Así pues, China tuvo que analizar –en muy poco tiempo, con un elevado nivel de presión y el mundo contemplando– cuáles eran sus fortalezas para detener la expansión del virus. Detener el virus ya no era ni siquiera una cuestión del sistema sanitario, sino de prestigio mundial. Concluyó que solo se podía apoyar en la tecnología que emana de la mayor potencia mundial y en la marcialidad y centralización de las que dispone un régimen autoritario. Lo hizo.
Marcialidad y centralización
El problema, como hemos comentado en las líneas anteriores, no deriva tanto del virus en sí mismo como del colapso del sistema sanitario, colapso que puede llegar a aumentar la letalidad del COVID-19. Pues si bien se estima que la letalidad del virus podría ser inferior a menos del 1% –aunque en China finalmente se situó sobre el 3%–, no es menos cierto que casi un 20% de contagiados requieren una atención médica de diferente intensidad que, de no proporcionársele, podría aumentar considerablemente la tasa de letalidad. Letalidad que no es homogénea y que está relacionada con diversos factores, especialmente, la edad de los contagiados: a mayor edad, mayor letalidad, especialmente por encima de setenta u ochenta años.

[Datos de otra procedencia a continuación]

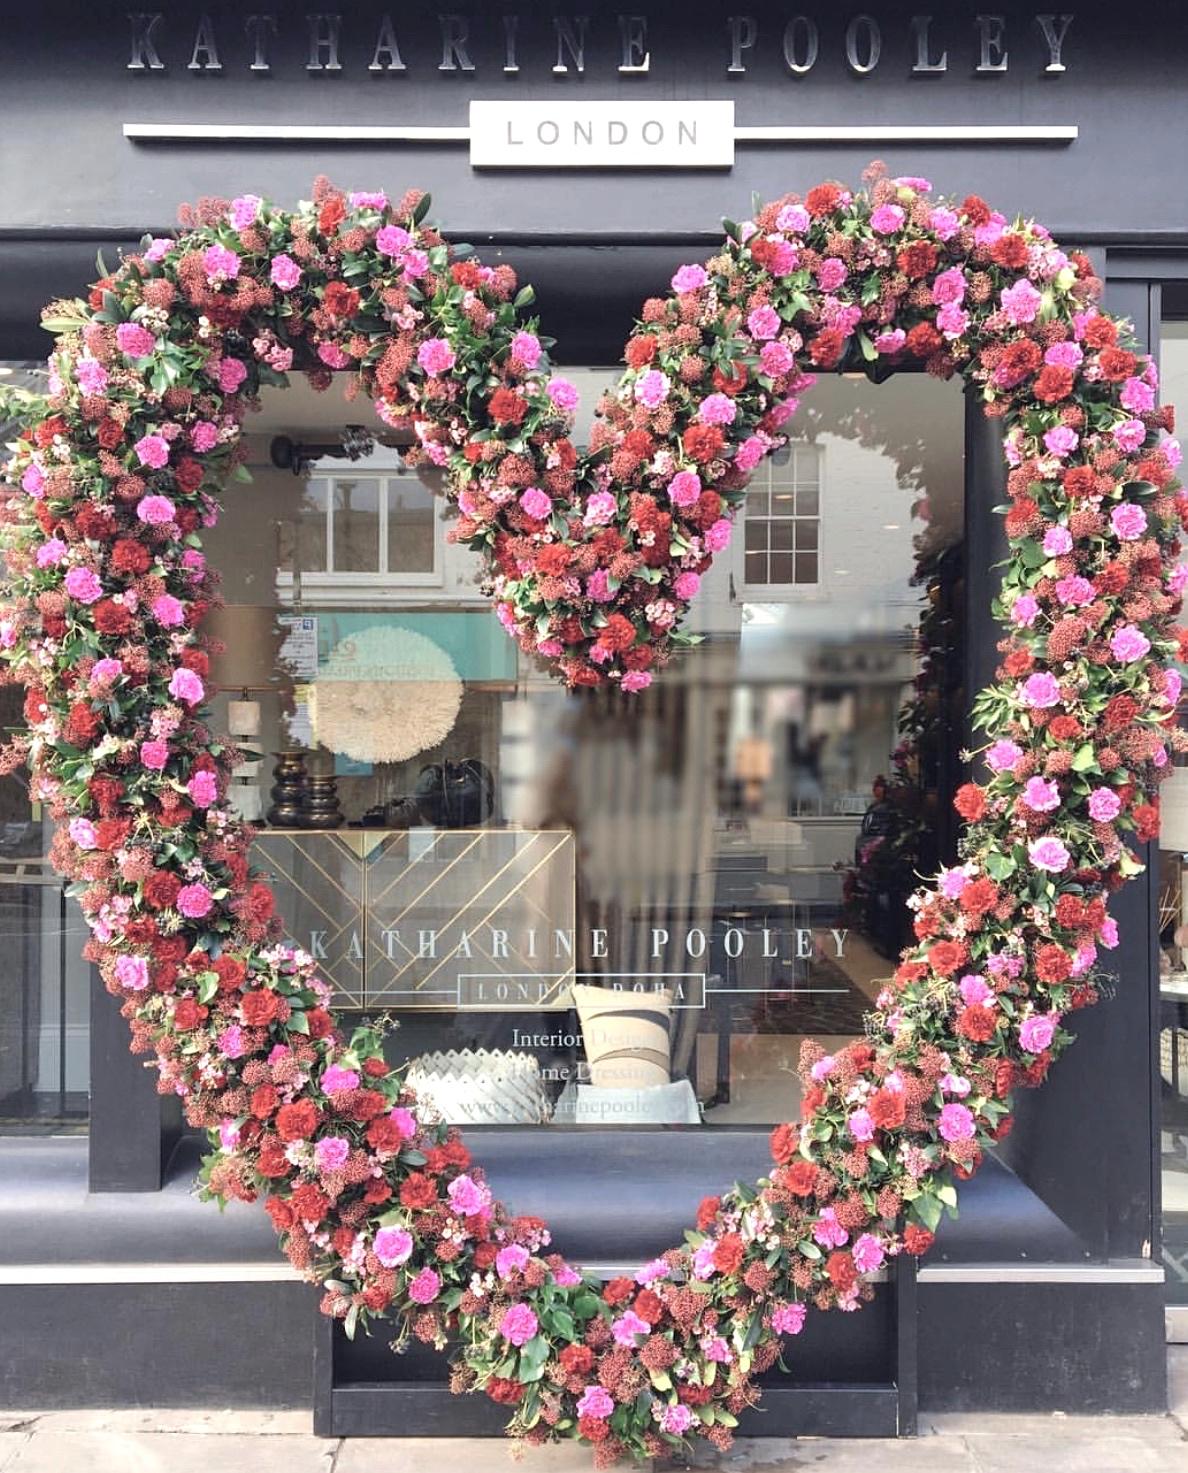 Floral+Heart+Katherine+Pooley%2C+London.jpg

En este escenario, China se marcó dos objetivos claros: evitar el colapso del sistema sanitario e impedir la expansión del virus. Para evitar la expansión del virus levantó un hospital en solo diez días y movilizó recursos y personal sanitario al epicentro de la epidemia, Wuhan. Todo el país se puso a trabajar en el asunto.
Para evitar la expansión del virus, cerró, literalmente, durante la segunda quincena de enero la ciudad de Wuhan, una de las cincuenta mayores ciudades del mundo con once millones de habitante, y solo unos días más tarde aisló trece ciudades más, elevando así el cerco a cuarenta millones de personas. Más tarde suspendió todos los eventos relacionados al Año Nuevo Chino y cerró, incluso, la Ciudad Prohibida de Pekín.
China no vaciló. Incluso a mediados de febrero, tanto el alcalde de Shanghai como el jefe del partido comunista de Wuhan fueron reemplazados. No importó que la crisis ni siquiera hubiera concluido.
Tecnología
China, la mayor potencia tecnológica mundial, también se apoyó en la tecnología para impedir la expansión del virus. Para empezar, utilizaron una aplicación para controlar en todo momento a los ciudadanos mediante la telefonía móvil, lo que permitió no solo recluir a los ciudadanos, sino también aislar a cualquier persona que pudiera resultar contagiado o hubiera tenido riesgo de contagio. Una idea que después copiaron los surcoreanos.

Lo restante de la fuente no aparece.